If you’re wondering why junk bonds keep selling off, consider this: Oil prices are tanking and energy companies now account for a record proportion of the below investment-grade market.

Debt of high-yield energy companies has tumbled 4.6 percent since August, leading the market down as the price of brent crude futures plummeted to the lowest in about four years. Some securities have fared much worse, like the 19 percent plunge in oil and gas producer Samson Investment Co.’s bonds.

“It’s been a pretty sharp move,” said Matt Eagan, a fund manager at Loomis Sayles & Co. in Boston. “This is the first time in a long time where a sector has seen a big setback.”

Every time the U.S. junk-bond market has faltered since 2008, it’s been rescued by record monetary stimulus that’s fueled demand for the higher-yielding debt. Now, there’s renewed concern that the world’s biggest economy won’t be able to escape a global slowdown, which would damp demand for energy at a time when the U.S. is producing more supply than ever.

Junk-bond investors piled into oil debt in the past decade. Energy companies now account for 15 percent of U.S. high-yield bonds, up from 9.7 percent at the end of 2007, Bank of America Merrill Lynch index data show.

Debt Plummets

Performance has suffered along with demand for oil, which will grow this year at the slowest pace since 2009, the International Energy Agency said today. Brent for November settlement declined $1.99, or 2.24 percent, to $86.90 a barrel at 12:03 p.m. in New York.

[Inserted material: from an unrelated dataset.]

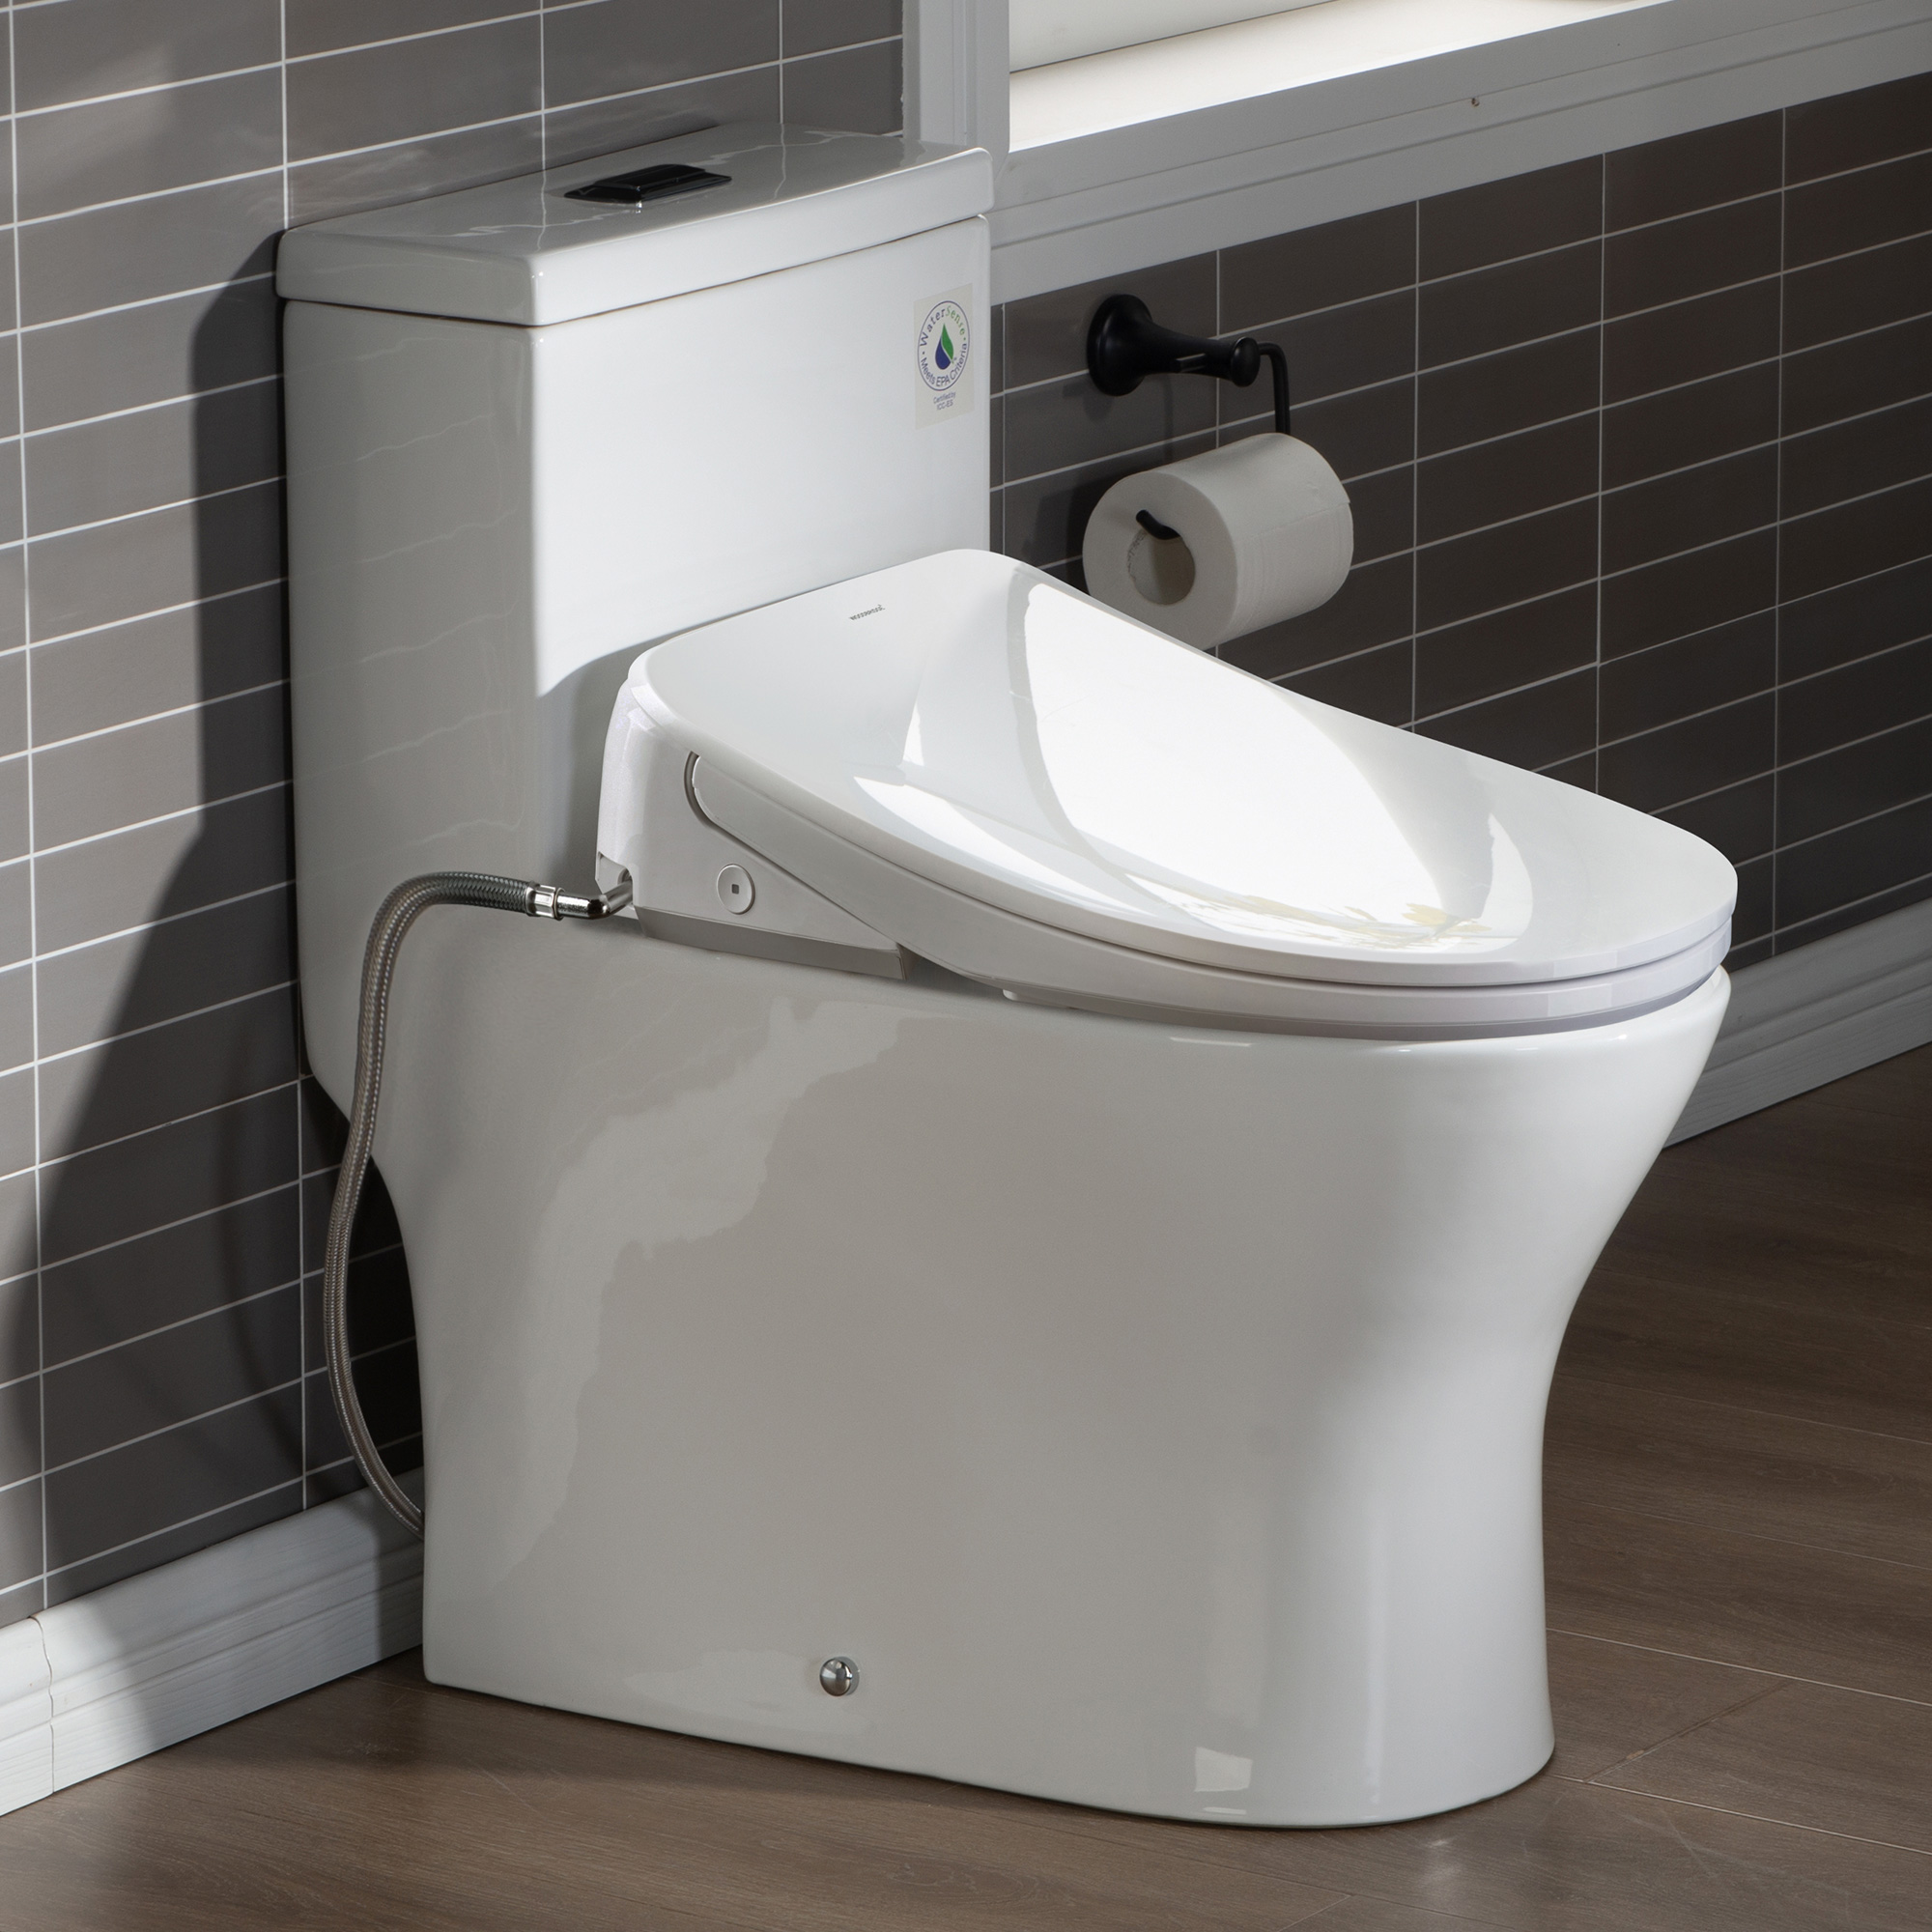 WOODBRIDGE Elongated 1-Piece Toilet with Advanced Auto Open & Close Bidet Smart Toilet Seat, Child Wash, 1000 Gram MaP Flushing Score, 1.28 GPF Dual, Water Sensed

The overall high-yield market posted losses of 2.3 percent since the end of August. Meanwhile, the extra yield investors demand to own energy debt instead of the average U.S. junk bond is the most in at least a decade, according to Bank of America Merrill Lynch index data.

Investors are being punished more for purchasing recent oil and gas bond offerings. Take, for example, $580 million of bonds that Paragon Offshore Plc sold in July at 100 cents on the dollar. The 7.25 percent notes maturing in 2024 have since plunged to 77.3 cents.

Hercules Offshore Inc., the Houston-based drilling company, sold $300 million of eight-year notes in March at 100 cents on the dollar. They’re now trading at 66 cents.

Samson Investment, a Tulsa, Oklahoma-based oil and gas explorer and producer owned by investors including KKR & Co., sold $2.25 billion of bonds in July that have fallen to 77.5 cents on the dollar from as high as 103.5 cents in August. Its debt is the worst performing among the 50 biggest junk-rated energy issuers in the Bank of America Merrill Lynch index.

Oil and junk, for now at least, don’t mix.